Outro efeito visível é na paisagem histórica. No entorno da futura Estação Bela Vista, a obra foi autorizada a demolir parcialmente um casarão e um sobrado tombados, com a condição de que sejam em parte reconstruídos, mantendo a fachada frontal original.
Uma das maiores queixas por vizinhos das obras é o barulho noturno, especialmente no distrito de Perdizes. Um abaixo-assinado online foi criado, com mais de 300 assinaturas, mas outros movimentos querem recolher assinaturas presencialmente.
“É uma situação difícil. Não para o apito, o barulho das máquinas gigantes, o barulho do gerador, a fumaça”, diz uma moradora das proximidades da Estação Sesc Pompeia, a pesquisadora Ana Maroso Alves, de 38 anos Hoje, ela diz só dormir se ligar ventilador para abafar a poluição sonora, mas é inviável evitar totalmente os ruídos.
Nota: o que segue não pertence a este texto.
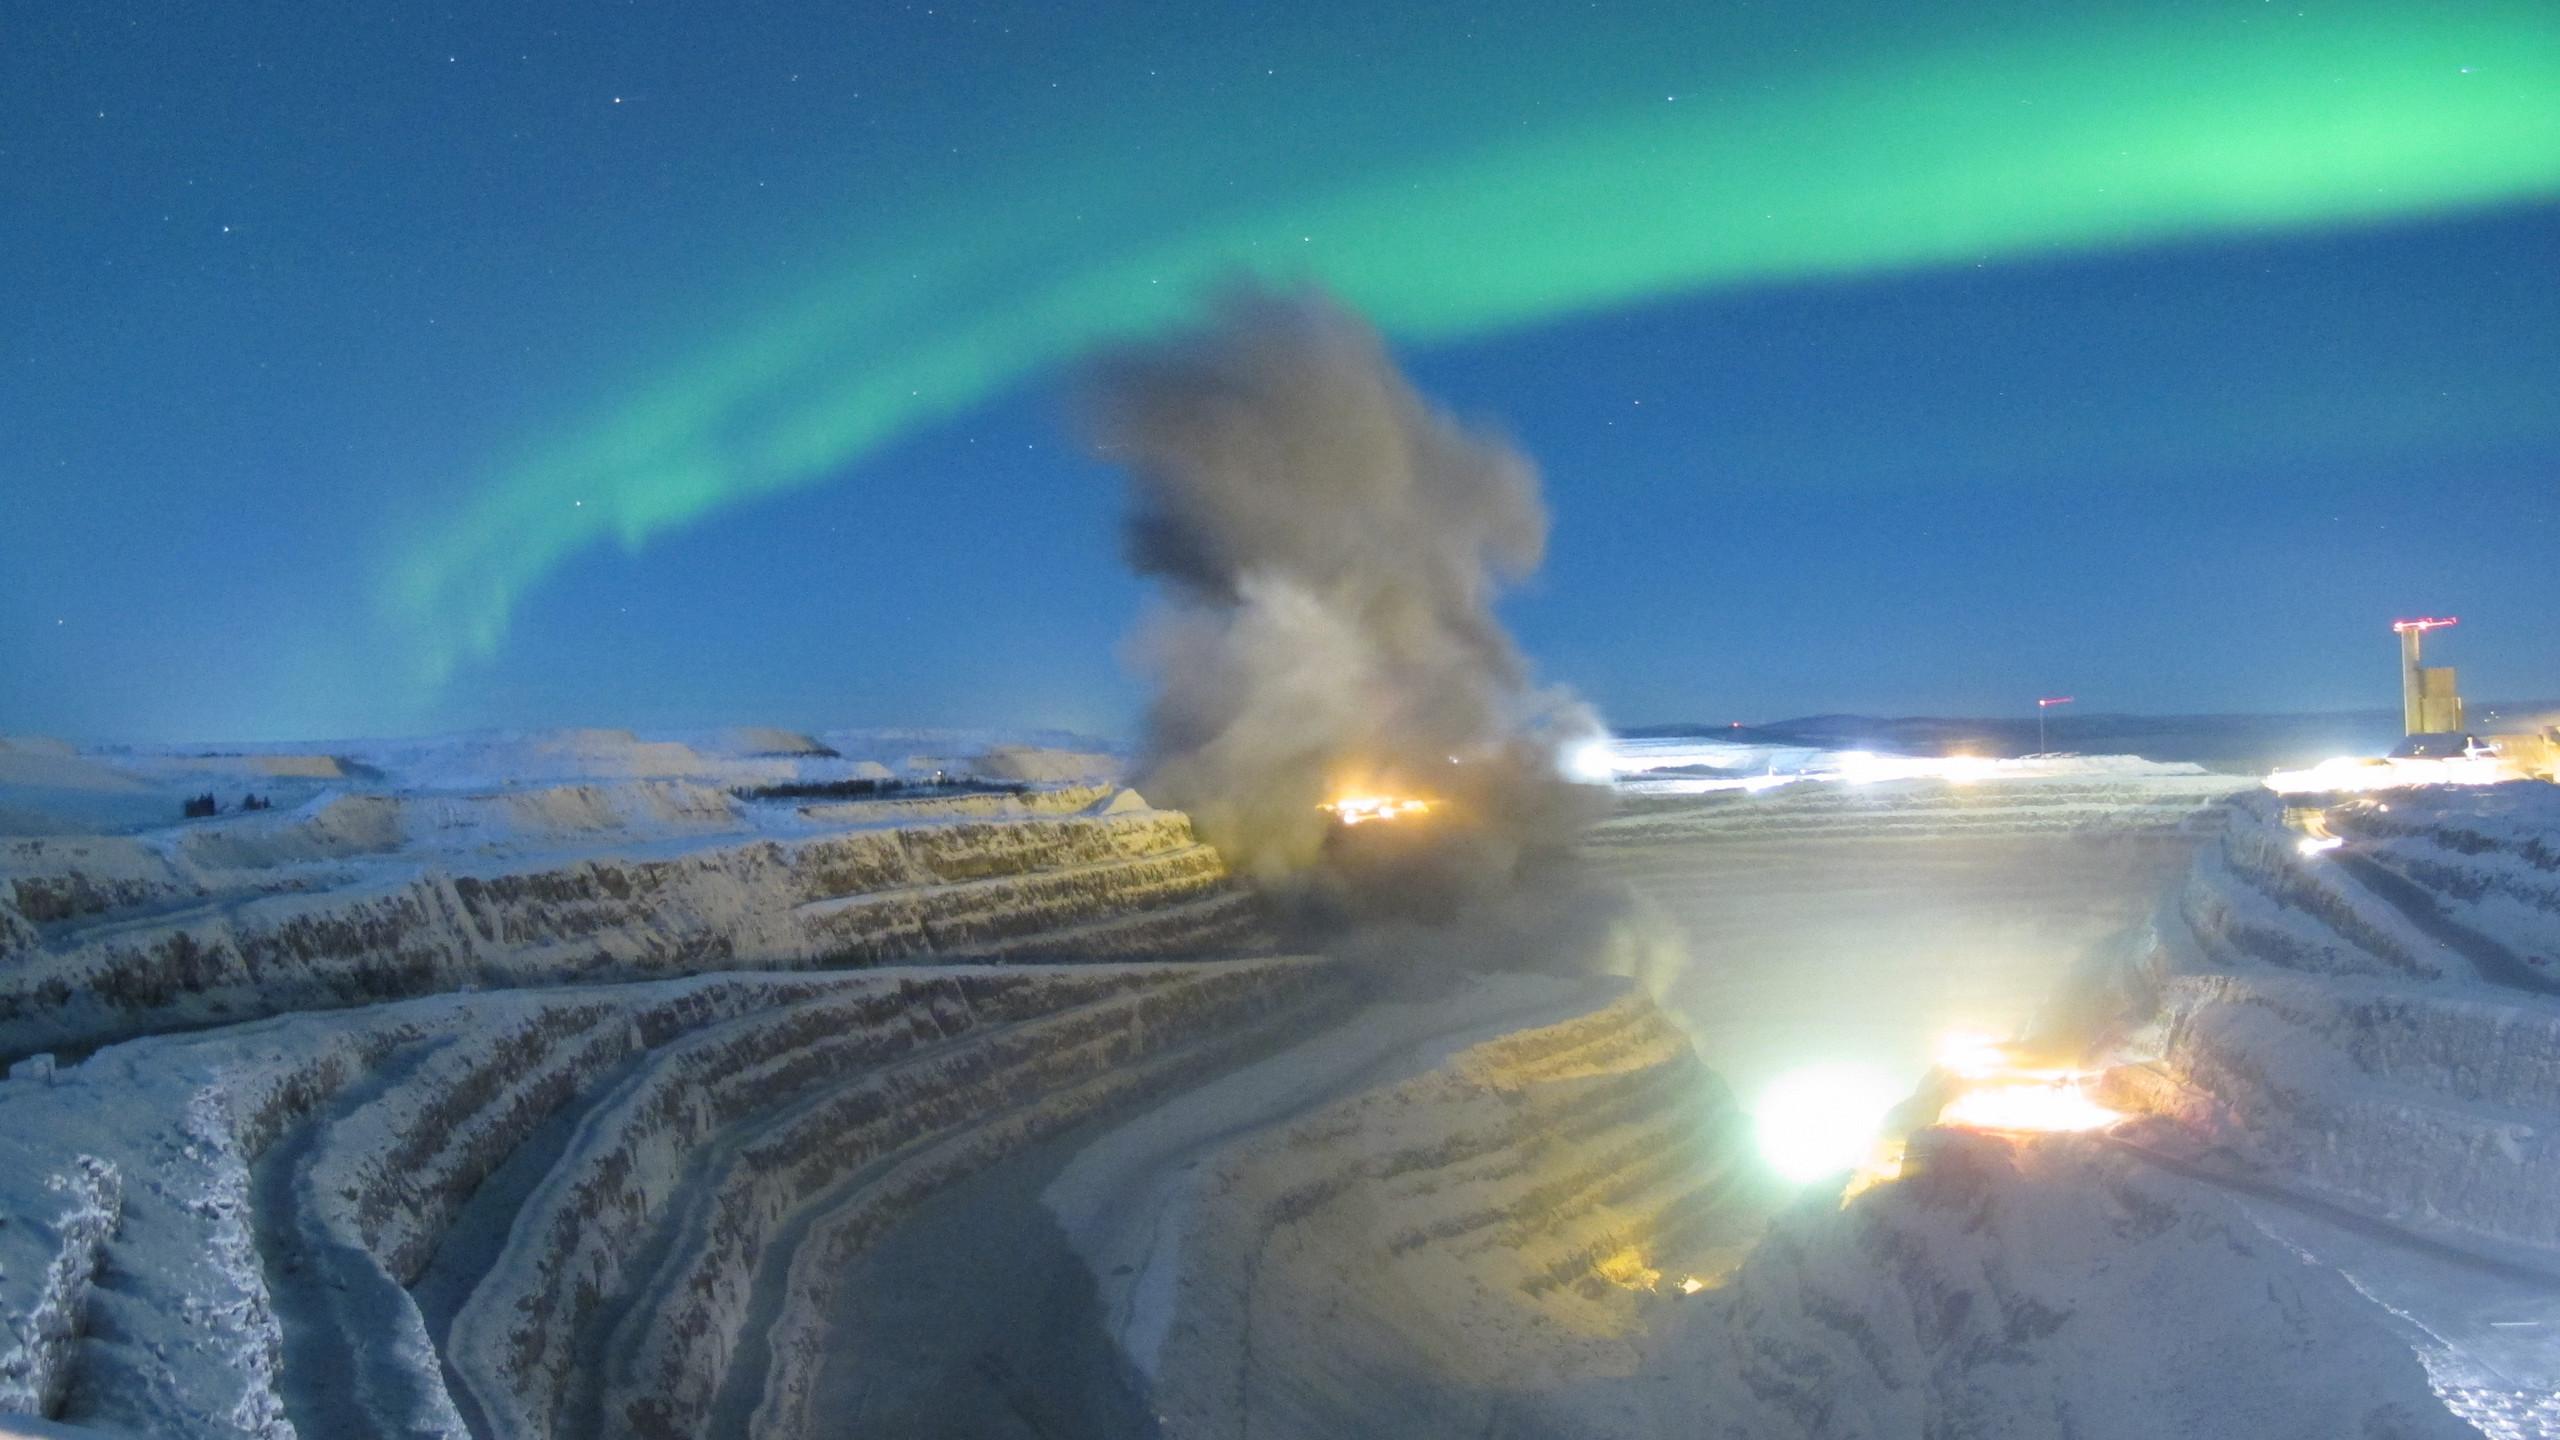 Northern lights over the Aitik mine in northern Sweden iimgurcom 2560x1440

Segundo Ana, que relata episódios fortes de dor de cabeça, a vizinhança convive com isso há quase três meses.
Procurado pelo Estadão, o Consórcio Linha Universidade enviou nota em que aponta cumprir a regulamentação referente a níveis de emissão sonora em obras civis, “comunicando antecipadamente a possível ocorrência de ruídos no entorno dos canteiros e adotando medidas mitigadoras”. O consórcio não detalhou quando será retomada a obra na área do acidente nem divulgou ajustes do cronograma.
ATRASOS
Após quatro anos parada, a construção da “linha das universidades” – o nome é por passar perto de PUC, Mackenzie, Faap e outras – foi retomada em outubro de 2020. Agora está a cargo de consórcio liderado pela Acciona – no lugar da Move São Paulo, que desistiu da obra. Terá 15,3 km de extensão, com 15 estações, da Brasilândia (zona norte), à Liberdade (centro) e deve transportar 633 mil pessoas por dia. Desde o anúncio, a linha teve vários prazos de conclusão previstos: 2018, 2020, 2021 e, agora, 2025.
As informações são do jornal O Estado de S. Paulo.